Introduction
According to NYC Health, there are approximately 27k restaurants in NYC, of which about 11k (40%) are located in Manhattan. In other words, it would take a New Yorker almost 10 years to try every single restaurant in Manhattan, assuming he or she eats out 3 meals everyday and the list of restaurants stay the same. If we consider more realistic scenario where a myriad of restauarnts newly open or close every year, it would be virtually impossible to try out every single restaurants in Manhattan.

Therefore, restaurant review or reservation platforms like yelp, opentable and resy are great resources for both consumers and businesses. The ratings driven by user reviews could serve as not only a helpful guide to both locals and tourists, but also an effective marketing tool for the restaurants.
In this project, I compiled restaurant data in Manhattan using Yelp Fusion API, and analyzed potential characteristics that contribute to higher ratings.
Yelp API
The data was compiled using two types of business endpoints – business search and business details. The available features include, but not limited to:
- Ratings
- Price level
- Review count
- Claimed
- Categories (Italian, Coffee, Thai, etc.)
- Transactions (delivery, pickup, reservation)
I additionally created some features based on the available information, such as:
- Number of average hours open on a weekday (or a weekend)
- Neighborhood (based on distance from the 'center' of a neighbrhood searched)
- Offers messaging feature
- Restaurant name length (in words and characters)
- Mainstream vs. rare category (based on top 20 most common categories)
- Number of breaks in between operating hours
Insights from EDA
The majority of the ratings ranged between 3.5 and 4.5, which is consistent with the entire rating distribution as of December 31, 2019.

In terms of price level, the cheapest or the most expensive restaurants had higher proportion of 4.5 ratings, suggesting people consider value per dollar into their reviews.
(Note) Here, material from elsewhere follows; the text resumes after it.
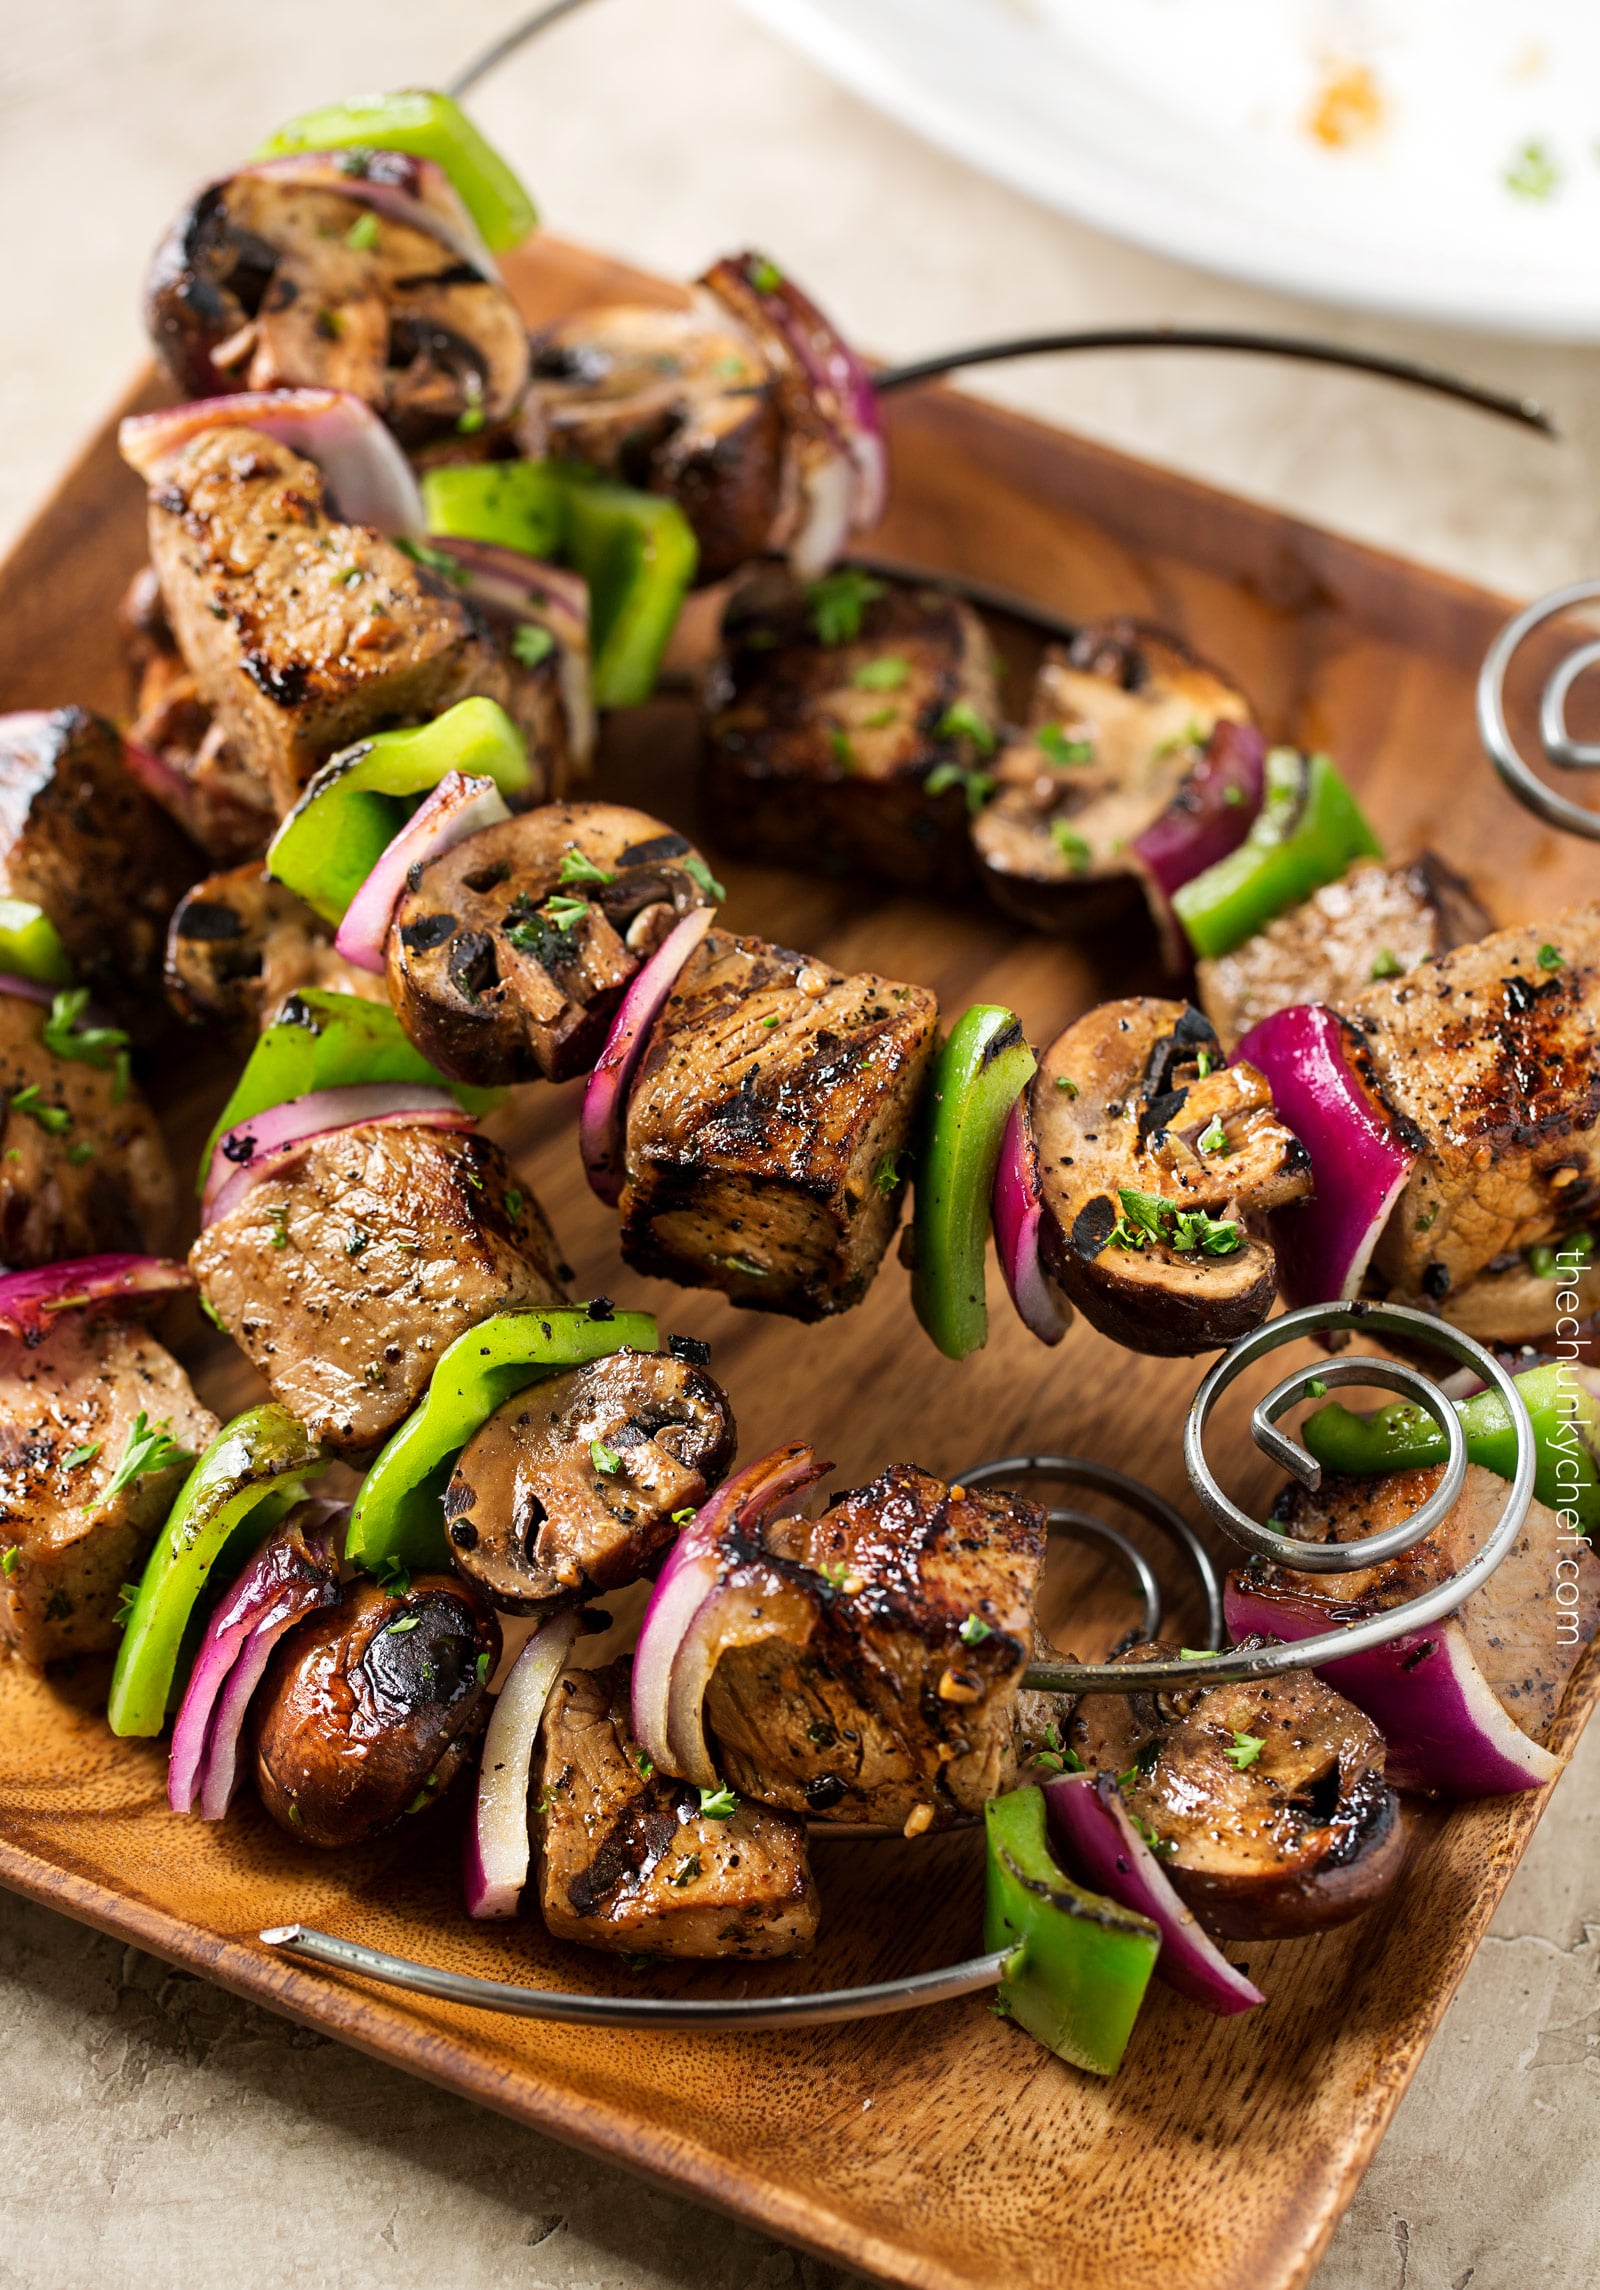 Easy Grilled Steakhouse Kebabs | Bite-sized steak pieces and mushrooms are marinated in an incredibly easy marinade, then skewered with onions and peppers, and grilled to juicy steakhouse perfection! You need these at your next BBQ! | http://thechunkychef.com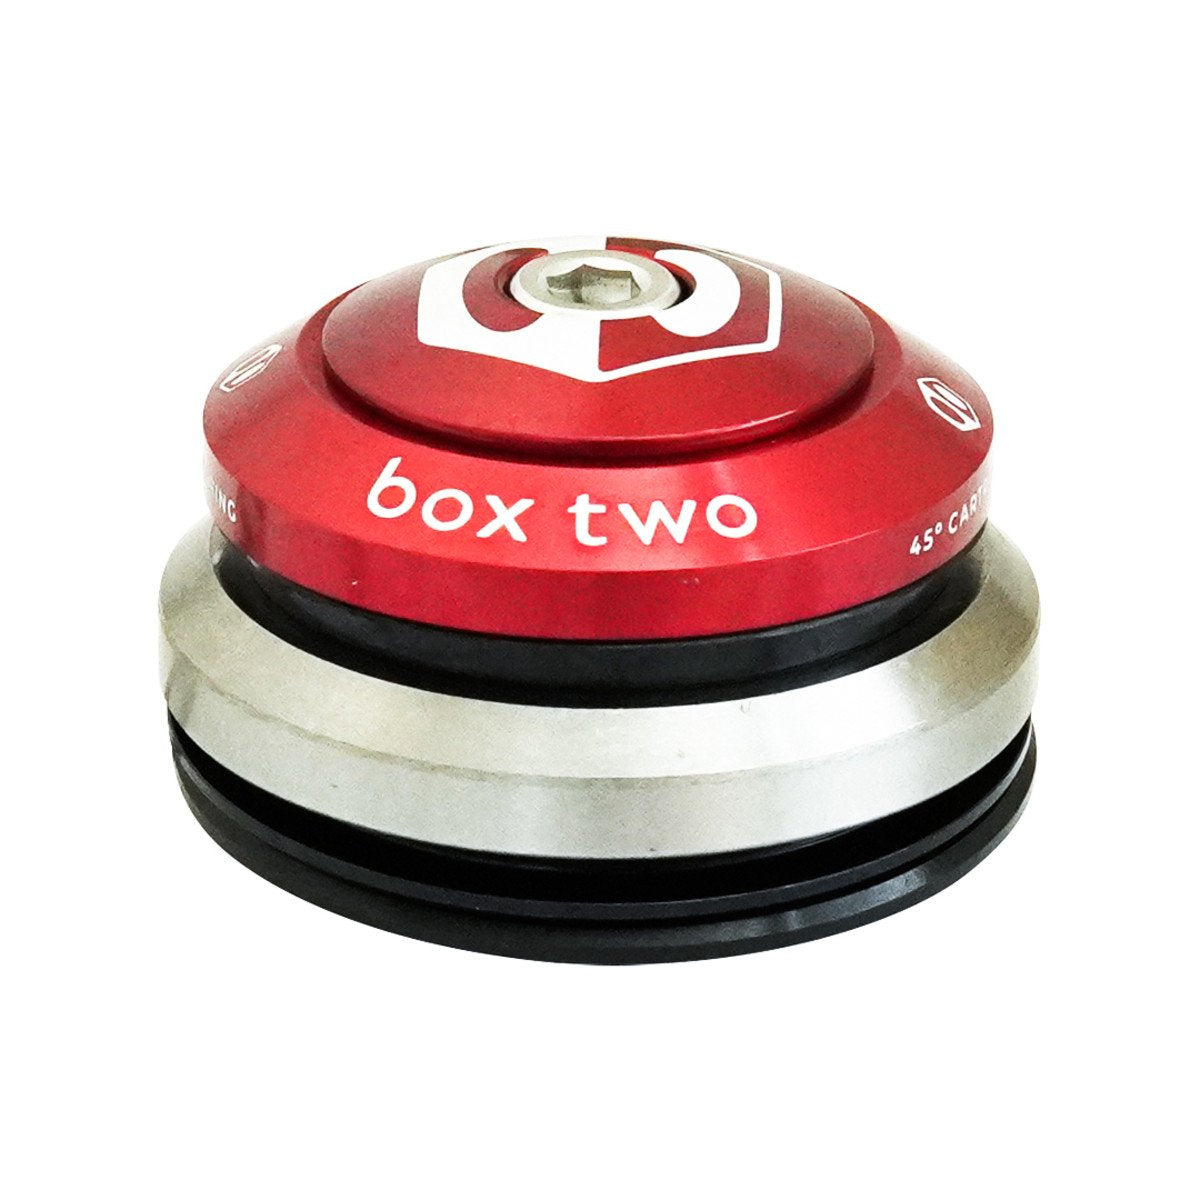 BOX TWO INTEGRATED TAPERED HEADSET 1.5"

The rating distribution by neighborhood indicates restaurants in East Village would be facing more competition than other neighborhoods. Although both East Village and Stuyvesant Town have similar rating distribution, Stuyvesant Town has far less restaruants than East Village. This suggests that Stuyvesant Town is potentially an underserved neighborhood with more business opportunities.

Modeling
The final model focuses on predicting ratings between 3.5 and 4.5 – with more emphasis on correctly predicting 4.5 ratings. I first ran multiple vanilla models (logistic, decision tree, random forest, adaboost, gradient boosting, and XGBoost) to determine models to refine. I attempted to account for the class imbalance problem by adjusting class weights, oversampling and undersampling. My modeling process is summarized as follows.
-
Low-performers vs. average-or-above-perfomers
A. Using balanced class weight
B. Using balanced class weight & less features selected from method (A) based on feature importances
C. Method (B) but excluding 5-star ratings
-
Average-or-above performers (Excluding 5-star ratings)
A. Using balanced class weight
B. Using balanced class weight & less features selected from method (A) based on feature importances
C. Using different class weights & less features selected from method (A) based on feature importances
D. Using SMOTE oversampling & less features selected from method (A) based on feature importances
E. Using random undersampling & less features selected from method (A) based on feature importances
F. Refning models selected from method (D) using GridSearchCV
Results
Vanilla gradient boosting model using SMOTE oversampled data had highest weighted F1 score and accuracy of almost 50% for both.
Interestingly, restaurants with long names tend to have higher ratings.

As shown below, I used LIME package to further understand the results and how each feature affects the prediction.
Example 1.
In this example, we see the model expects the rating of a restaurant, which had 4.5 rating at the time of data compilation, to be 4.0 with fairly high probability.
However, this restaurant currently has a 4.0 rating.

Example 2.
In this example, the model correctly predicted the restaurant to have a 4-star rating. However, the prediction probability of 3.5 and 4.0 are very close.

Conclusion & Next Steps
- Restaurants should target ratings of 4 or above.
- Ratings change over time, especially when there are very few reviews.
- More reviews are helpful – restaurants could consider free offers or promotions to encourage users to post reviews.
- Restaurant names don’t necessarily have to be short or easy to remember.
- List two categories on yelp (for exmaple, “Brunch, American”).
- Consumers care about value per dollar.
- The neighborhood variable could be improved to be based on exact coordinates, rather than distance from the center of searched neighborhood.
- More feature engineering that captures meaningful information from the entire sample (instead of specific categories that only applies to the minority) could improve model performance.
- Consider setting minimum review count threshold.